Today’s update on retail sales for January shows that the annual change in consumer spending has returned to pre-crisis levels in terms of 12-month rolling changes. In fact, the 4.7% increase in retail sales over its year-ago level as of last month is quite a bit better compared with the trend in early 2008. But like so many other measures of economic and financial activity, the return to levels that pre-date the financial crisis that swept through the markets and the global economy starting in September 2008 is only half the battle, and arguably the lesser part.
On a monthly basis, January’s 0.5% rise in retail sales (seasonally adjusted) is middling relative to recent history. Of course, any news of higher spending is welcome in the current climate, i.e., the ongoing weakness in the labor market. It could easily have been a lot worse.

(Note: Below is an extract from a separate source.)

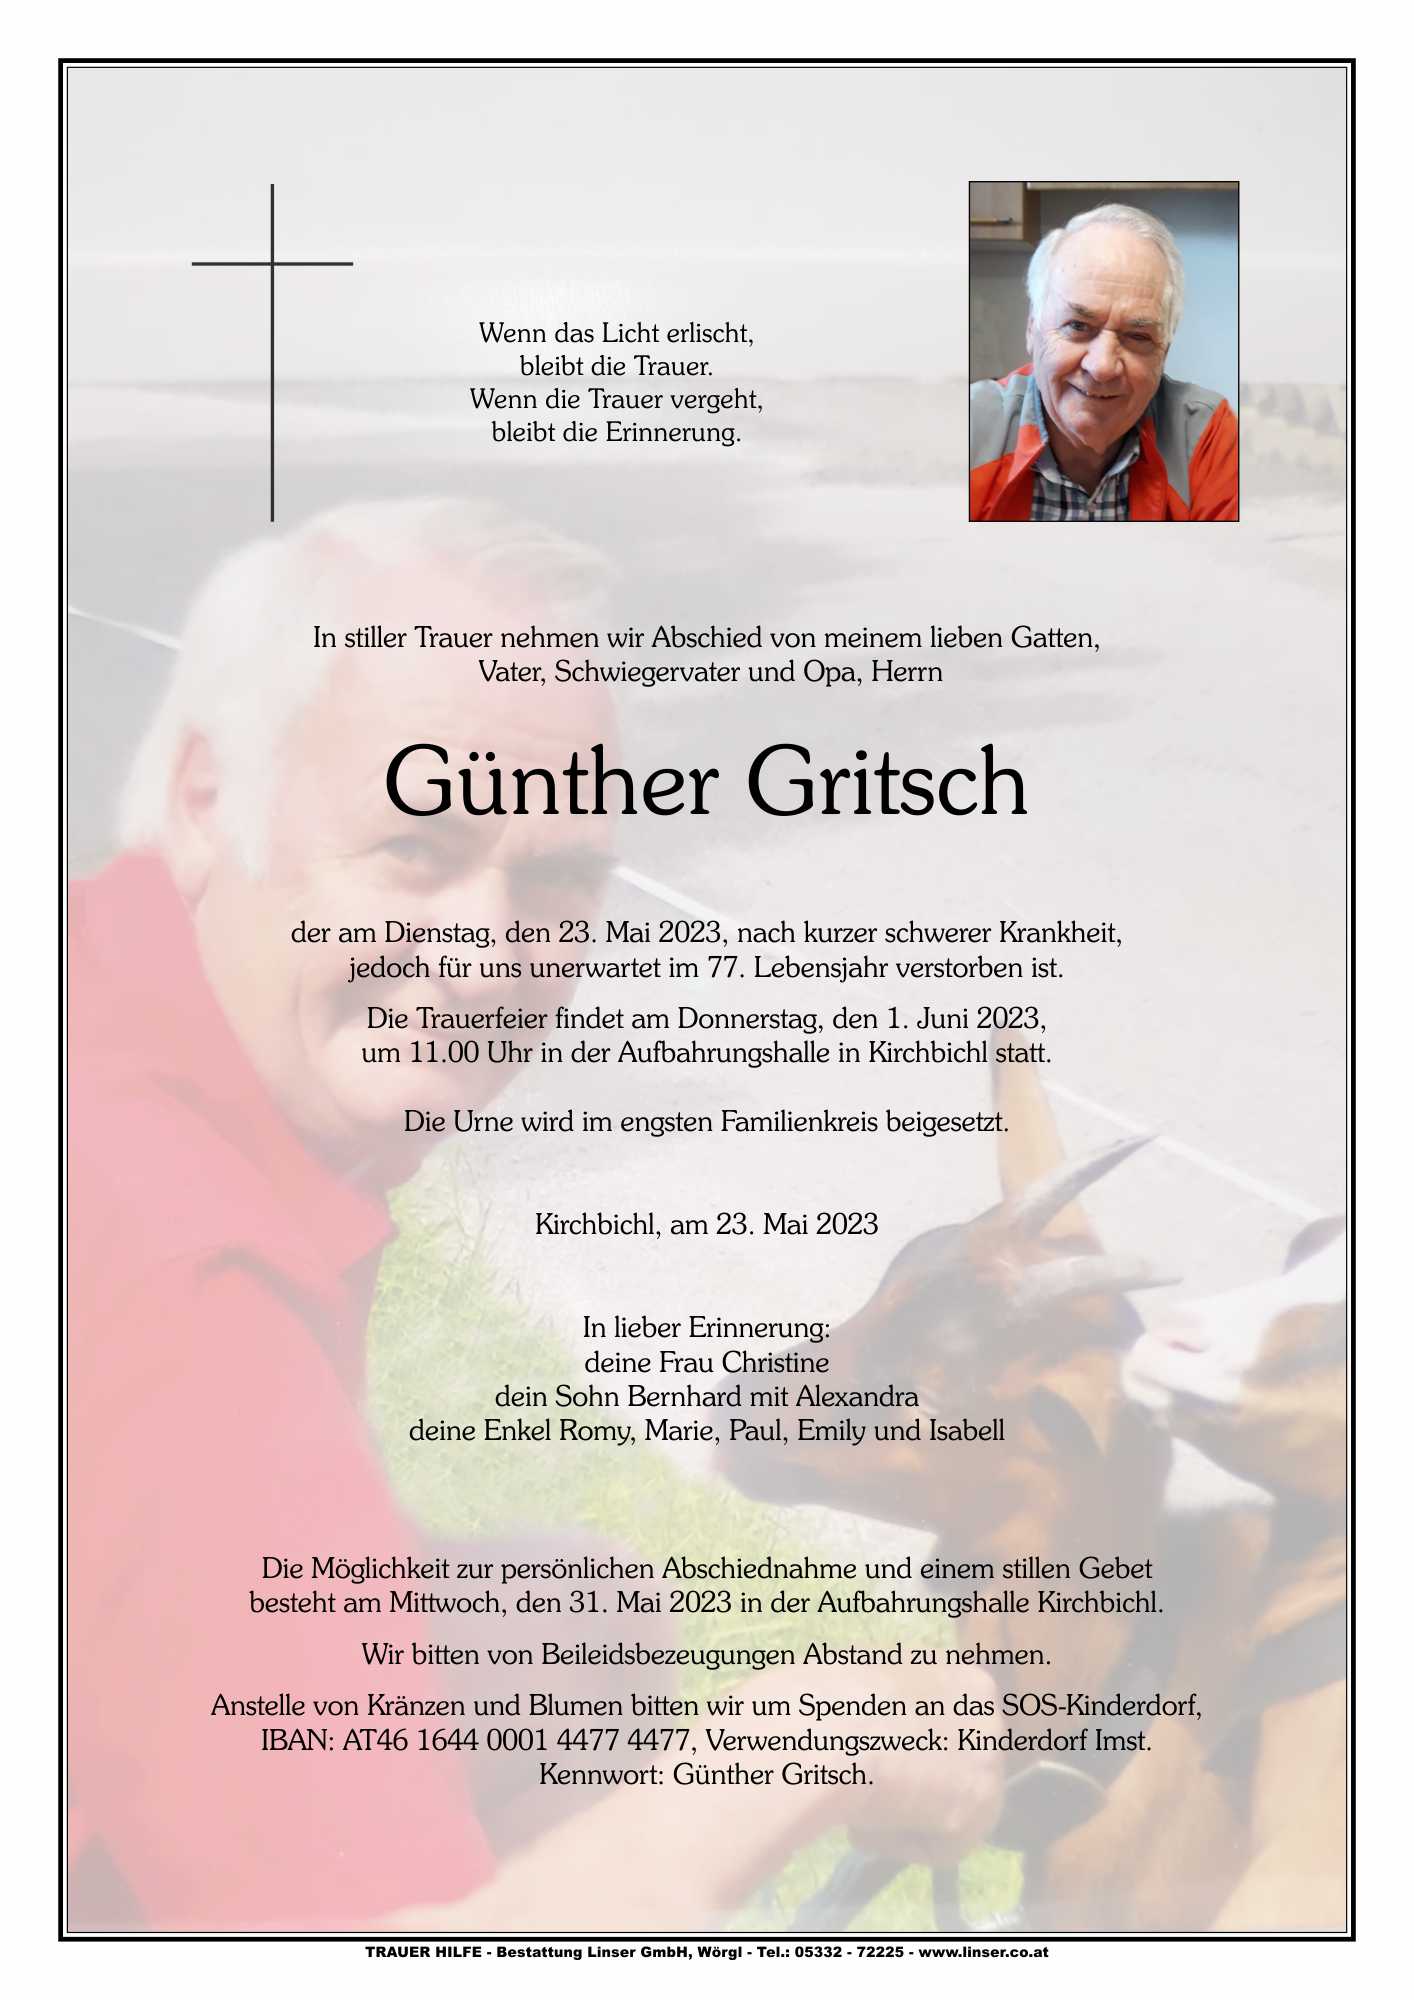 Günther Gritsch

Looking at the rolling 12-month change is more encouraging, as our chart below shows. But it’s not terribly surprising to find that the annual pace of retail sales have rebounded from the depths of the late 2008/early 2009 crisis. Recognizing that the risk of seizure in the world’s financial system has fallen dramatically, consumers are spending again in something closer to the normal trend. (Click chart to enlarge)
One reason is the natural bias in the business cycle for recovery after decline. The economy was either going to implode or it wasn’t. Since it’s been obvious for months that the worst fears of late 2008/early 2009 were excessive, a number of metrics have recovered in sympathy with this updated information. From industrial production to the stock market to consumer sentiment readings, there has been a clear and significant rebound. Even inflation expectations, as per the Treasury market’s expectation, have returned to pre-September 2008 levels.

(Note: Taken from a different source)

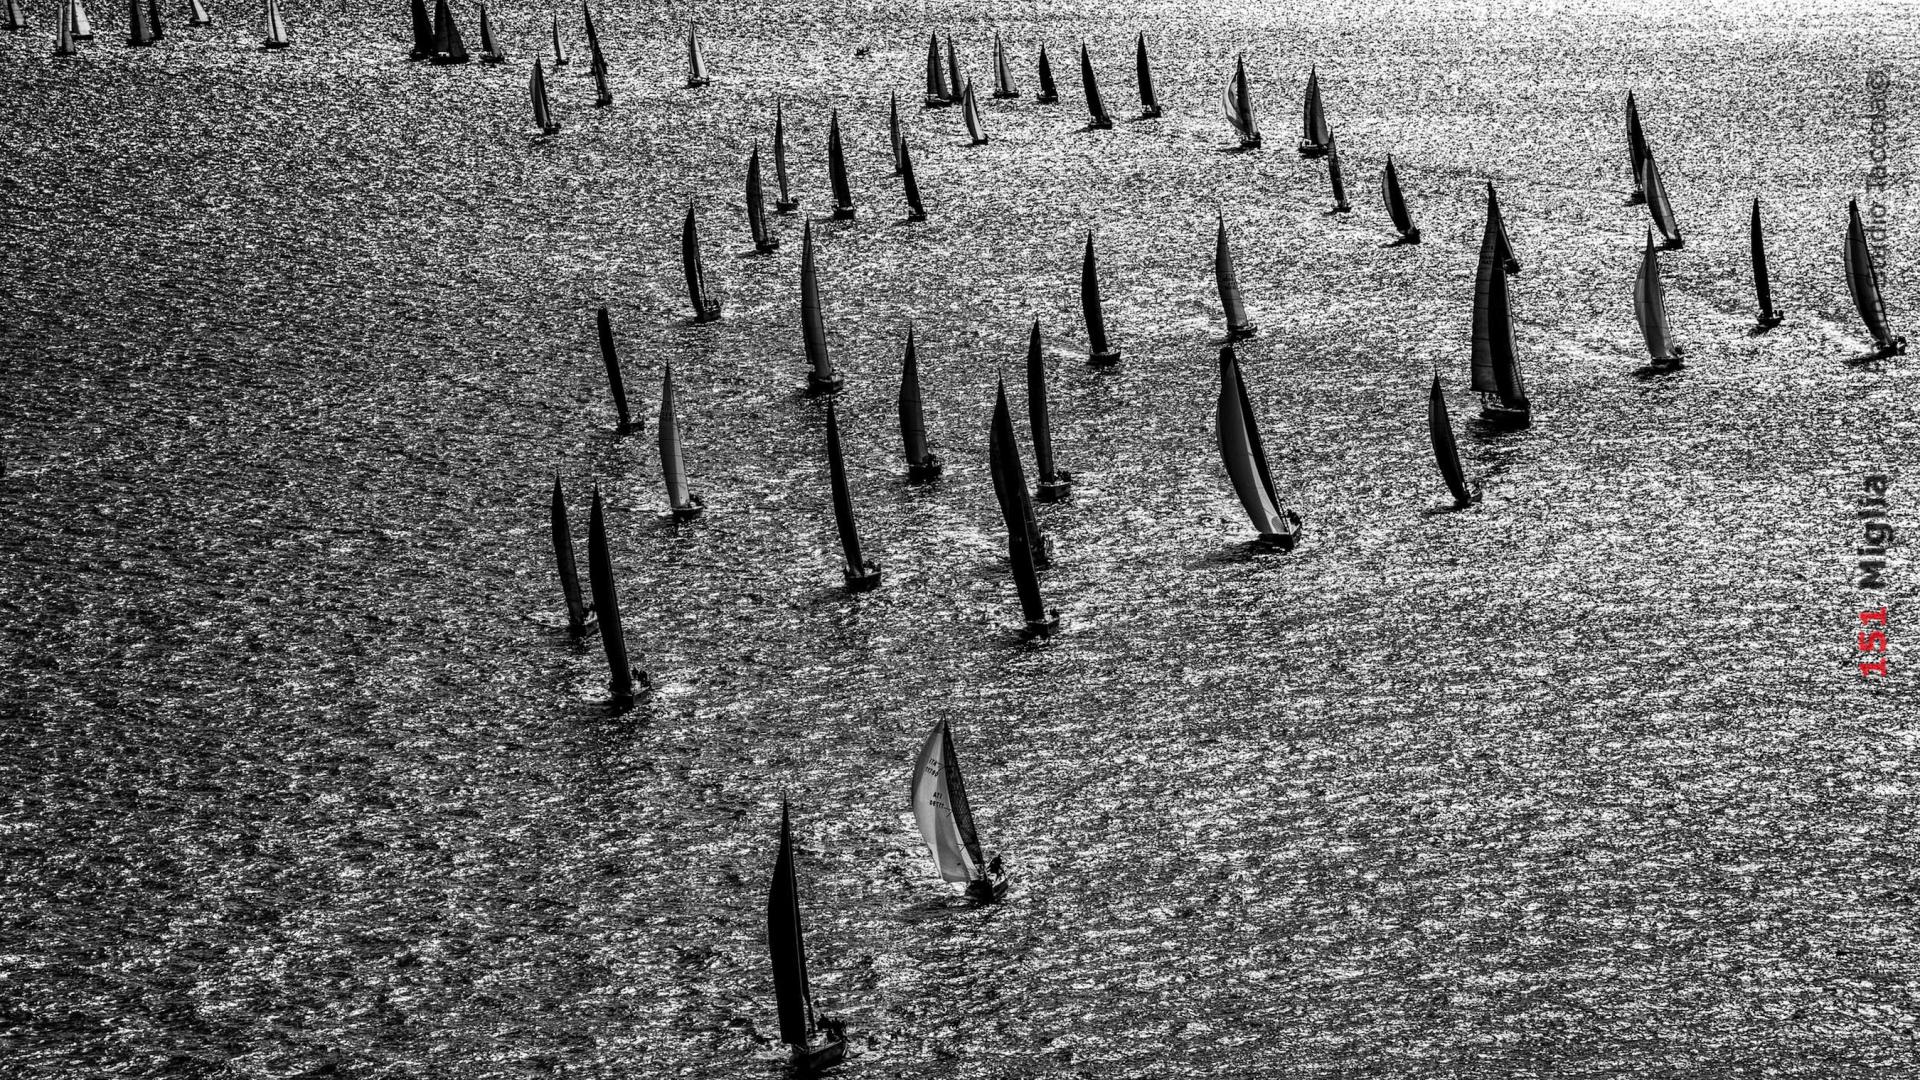 250 le barche attese alla 151 Miglia-Trofeo Cetilar 2021

The fact that retail sales have joined this bandwagon is no surprise. All the more so if we consider that monetary policy and fiscal stimulus have been juicing the natural forces of recovery.
But as we’ve been discussing for some time, there are two stages in the post-crisis world. The first stage is one of the snap-back period, when the end-of-the-world expectations are replaced by more temperate outlooks that reflect the world as it now appears. The immediate beneficiaries of this first phase are those measures of economic and financial activity that are relatively easy to repair. Dropping interest rates to zero and sending checks to consumers, businesses and other entities results in some obvious and fairly predictable responses. In other words, the easy and quick solutions have been applied, and with a degree of success.
The tougher challenges, however, remain, starting with the labor market, which has yet to show convincing signs of recovery. More generally, maintaining robust growth from here on out in everything from retail sales to industrial production promises to be a much bigger challenge than is typical in post-recession periods of recent decades.
Bottom line: the actute portion of the crisis is over but it’s been replaced by the post-crisis challenge, which is one of generating and maintaining growth. High levels of debt on the government and household balance sheets threaten to make the second stage far more precarious than the recent snap-back numbers suggest.
Alas, there are no easy solutions for what awaits. That doesn't mean that the future is doomed, but the tailwind that's been blowing over the past year is no longer a hurricane. It's been downgraded to a tropical storm and in the near future it's likely to downshift to a strong breeze. Evolution is constant in the business cycle, and the next phase isn't likely to be all that helpful.